The Flink job uses StreamingFileSink with OnCheckpointRollingPolicy. Under this policy, output files are committed to OSS only when a checkpoint completes — not continuously. With a 30-second checkpoint interval, this means new output files appear roughly every 30 seconds. Because this is a streaming job, it runs continuously and accumulates output files until you stop it.

JindoFS handles OSS writes. If the OSS bucket and the Dataflow cluster belong to the same Alibaba Cloud account, JindoFS reads from and writes to the bucket in password-free mode — no credentials are needed in the job code.

Important

Because output files accumulate with every checkpoint, stop the job after you verify the output. See "Stop the job" in Step 5.

Step 1: Prepare the environment

Note

This tutorial uses EMR V3.43.1.

Create a Dataflow cluster with the Flink and Kafka services. For details, see Create a cluster.
Create an OSS bucket in the same region as the Dataflow cluster. For details, see Create buckets.

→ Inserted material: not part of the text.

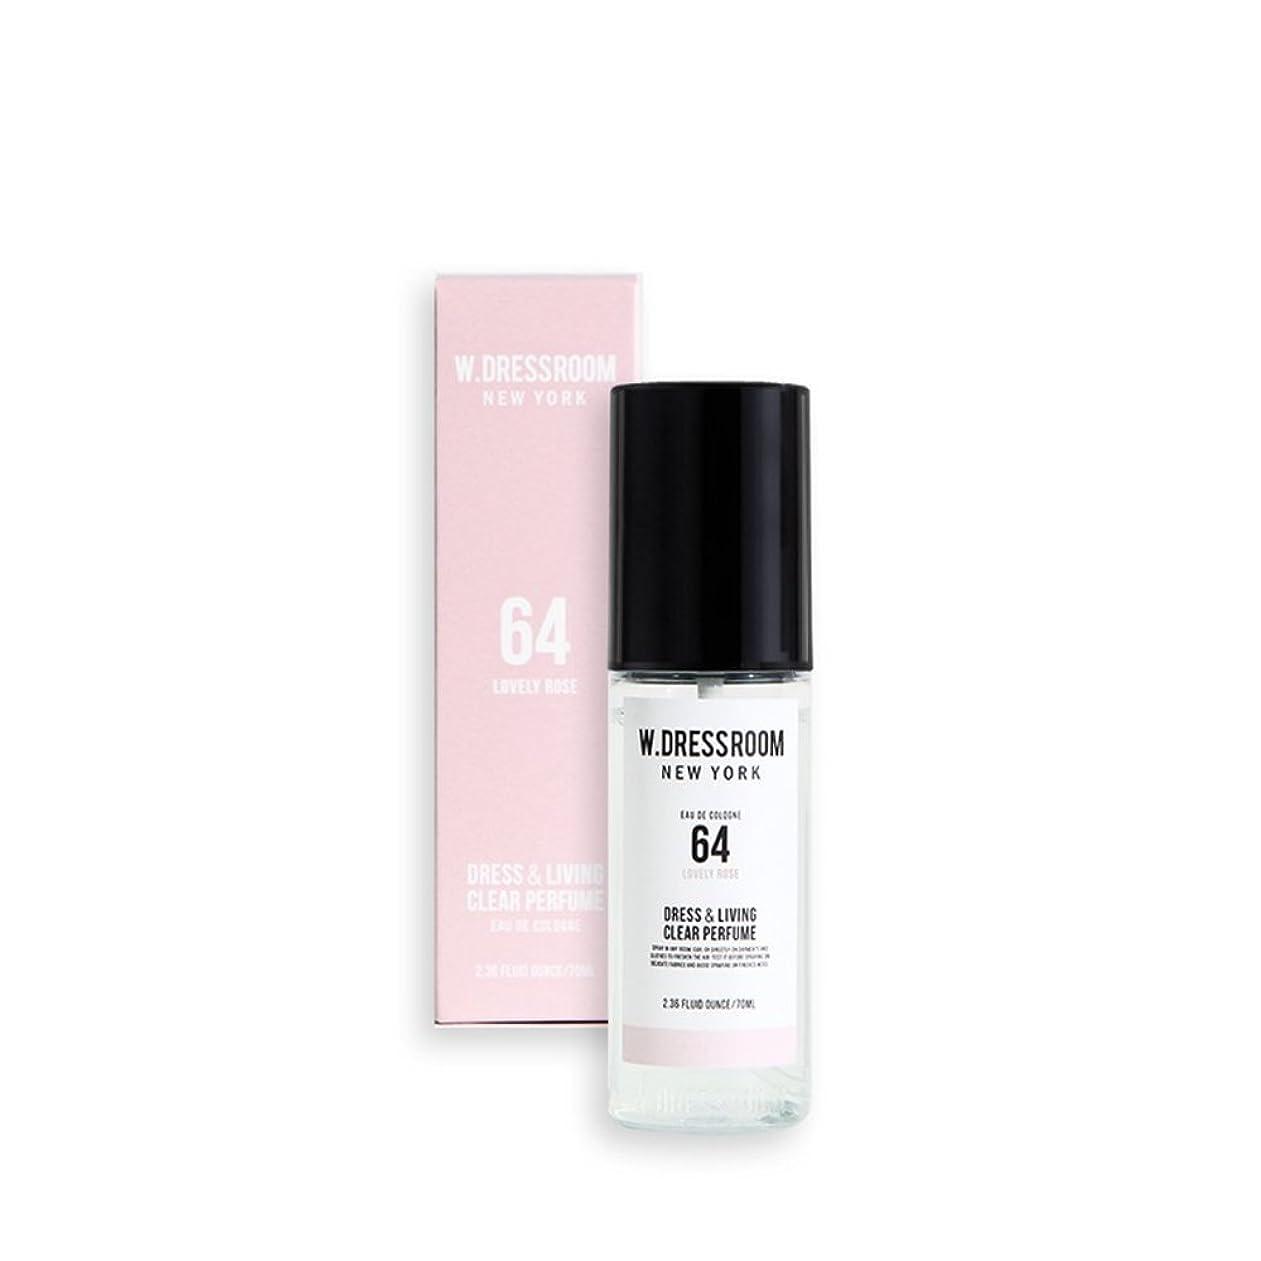 いとこ等々フェンスW.DRESSROOM Dress & Living Clear Perfume fragrance 70ml (#No.64 Lovely Rose)/ダブルドレスルーム ドレス&リビング クリア パフューム 70ml (#No.64 Lovely Rose)

Step 2: Prepare the JAR package

The sample code creates a Kafka source using the FLIP-27 source API and an OSS sink backed by StreamingFileSink. The output path must start with oss://. Checkpointing is enabled with CheckpointingMode.EXACTLY_ONCE and a 30-second interval — this is what drives the OnCheckpointRollingPolicy and determines how frequently files are committed.

public class OssDemoJob {

    public static void main(String[] args) throws Exception {
        ...

        // Check output oss dir
        Preconditions.checkArgument(
                params.get(OUTPUT_OSS_DIR).startsWith("oss://"),
                "outputOssDir should start with 'oss://'.");

        // Set up the streaming execution environment
        final StreamExecutionEnvironment env = StreamExecutionEnvironment.getExecutionEnvironment();
        // Checkpoint is required
        env.enableCheckpointing(30000, CheckpointingMode.EXACTLY_ONCE);

        String outputPath = params.get(OUTPUT_OSS_DIR);

        // Build Kafka source with new Source API based on FLIP-27
        KafkaSource<Event> kafkaSource =
                KafkaSource.<Event>builder()
                        .setBootstrapServers(params.get(KAFKA_BROKERS_ARG))
                        .setTopics(params.get(INPUT_TOPIC_ARG))
                        .setStartingOffsets(OffsetsInitializer.latest())
                        .setGroupId(params.get(INPUT_TOPIC_GROUP_ARG))
                        .setDeserializer(new EventDeSerializationSchema())
                        .build();
        // DataStream Source
        DataStreamSource<Event> source =
                env.fromSource(
                        kafkaSource,
                        WatermarkStrategy.<Event>forMonotonousTimestamps()
                                .withTimestampAssigner((event, ts) -> event.getEventTime()),
                        "Kafka Source");

        StreamingFileSink<Event> sink =
                StreamingFileSink.forRowFormat(
                                new Path(outputPath), new SimpleStringEncoder<Event>("UTF-8"))
                        .withRollingPolicy(OnCheckpointRollingPolicy.build())
                        .build();
        source.addSink(sink);

        // Compile and submit the job
        env.execute();
    }
}

Note

This snippet shows the main program structure. Modify it as needed — for example, add a package name or adjust the checkpoint interval — before building. For instructions on building a JAR package, see the Flink official documentation.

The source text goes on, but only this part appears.